For me, compensation culture is the overly-litigious push to ask for money from a company when accidents happen, eg, because you spilt milk on a supermarket’s floor, then slipped on it.
Reclaiming is about getting money back, primarily from large, powerful companies who have misused and abused their position and trust to play a fast one on unwitting consumers.
2. You don’t need be stupid to have been mis-sold
Only 50 years ago the bank manager in his bowler hat was a pillar of the community. A paternal figure to respect, with a sense of care and whose word was gold.
Since then, the industry has rapidly morphed into one of primarily commission-driven, sales-based institutions. But many still don’t realise it and, while not stupidly, perhaps naively, sometimes put too much trust in what they say.
Yet it goes further than that. In many cases of mis-selling, people have been lied to. In other industries we’d call it fraud. Here are some typical examples of things people were told by bank officials:
Are people wrong to take something told to them as fact by a representative of the company? No, of course not. That’s why financial firms have a duty to ensure products are appropriate, if they breach that, then customers are entitled to their money back.
Even in the Facebook discussion that prompted this blog, there were plenty of posts that fit this category, such as…
I have never used any benefit from my packaged account. I was told after internet fraud on my current account that they had to close an existing account and change it to a package one. I didn’t have a choice at all as my old account was obsolete."
That is simply not true. The customer service representative deliberately upsold with a lie. Yet people are scared of financial products and don’t challenge it. However, while spin is one thing, if people lie point blank, how do you control that?
3. Reclaim culture is a deterrent
How do we encourage financial institutions to behave better? The FSA fines them, what, £100,000, or even a million pounds? But do you really think that stops them? With PPI they were making billions each year. Those fines were trivial compared to that, and were no real disincentive.
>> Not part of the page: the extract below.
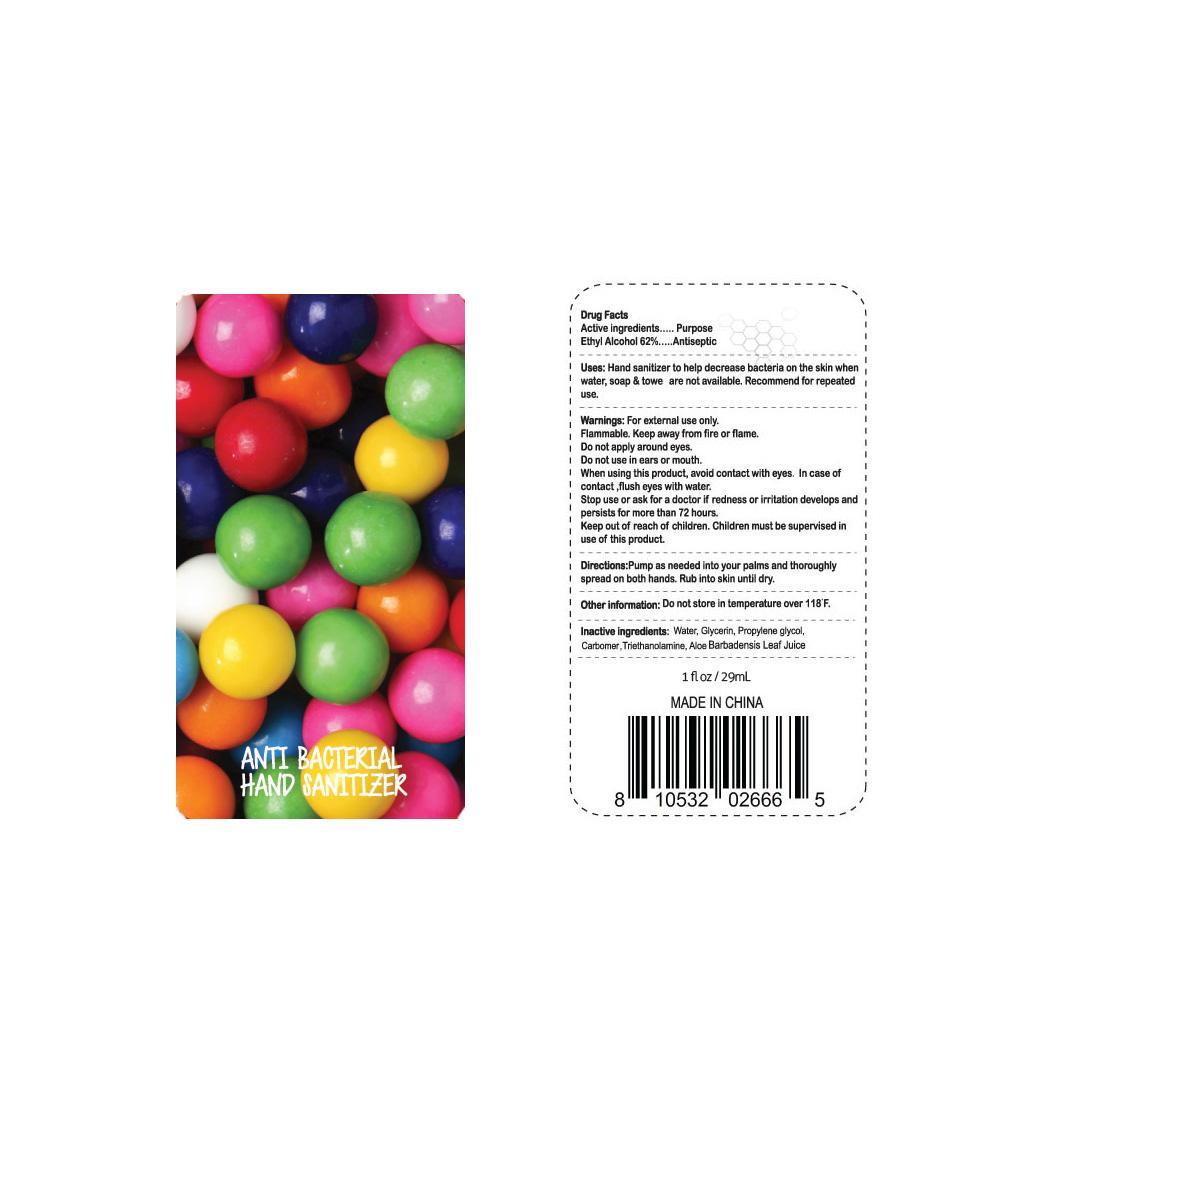 Anti Bacterial Hand Sanitizer (Ethyl Alcohol) Gel [Dolgencorp Inc.]

Yet launching major reclaiming campaigns, however, is an entirely different game. Bank charge reclaiming saw four or five billion being given back, PPI is estimated to be around £13 billion and counting. These types of numbers make the banks sit up and take note. It’s bad for business. That is a true deterrent.
4. Don’t confuse vulnerable and stupid
While it’s easy for intelligent, literate, web-savvy people to say "if people are too stupid to realise, it’s their fault", I don’t subscribe to this Darwinian theory of finance.
Are we honestly saying that if you’ve mental health issues (one in four of the UK population), lack mental capacity, suffer dyslexia or dyscalculia so aren’t good with forms, have literacy or educational problems, then it’s fine for banks to simply take advantage? I find that hard to stomach.
For more on this, read my A blog in defence of stupid people’s rights blog.
5. MoneySaving is about taking responsibility
None of this detracts from the fact that where they are capable, individuals should take responsibility for themselves, educate themselves and make the right decision. My entire career and this site has been dedicated to facilitating people in doing that.
Yet we need to accept that we are still a primarily, financially illiterate nation – and confusion marketing takes advantage. It’s one of the reasons I continue to campaign for financial education on the national curriculum. While it won’t be a panacea, and will take time to make things change, there’s no better place to start.
If I were to navel-gaze and say, "do we ever stray close to compensation culture in our content?", then it certainly wouldn’t be with PPI or packaged bank account reclaiming.
Closer is our Delivery Rights guide, where we say if you have had to take an extra day off because of a no-show delivery, charge them for your time. Yet even here, this is a deliberately conscious campaigning choice.
When we first wrote it, I ensured that right at the top we explained this was about trying to clean up the notoriously-unreliable delivery industry. By consumers pushing hard when they inconvenience us, my hope isn’t that people will get compensation, but that the industry will stop giving people cause to ask for it.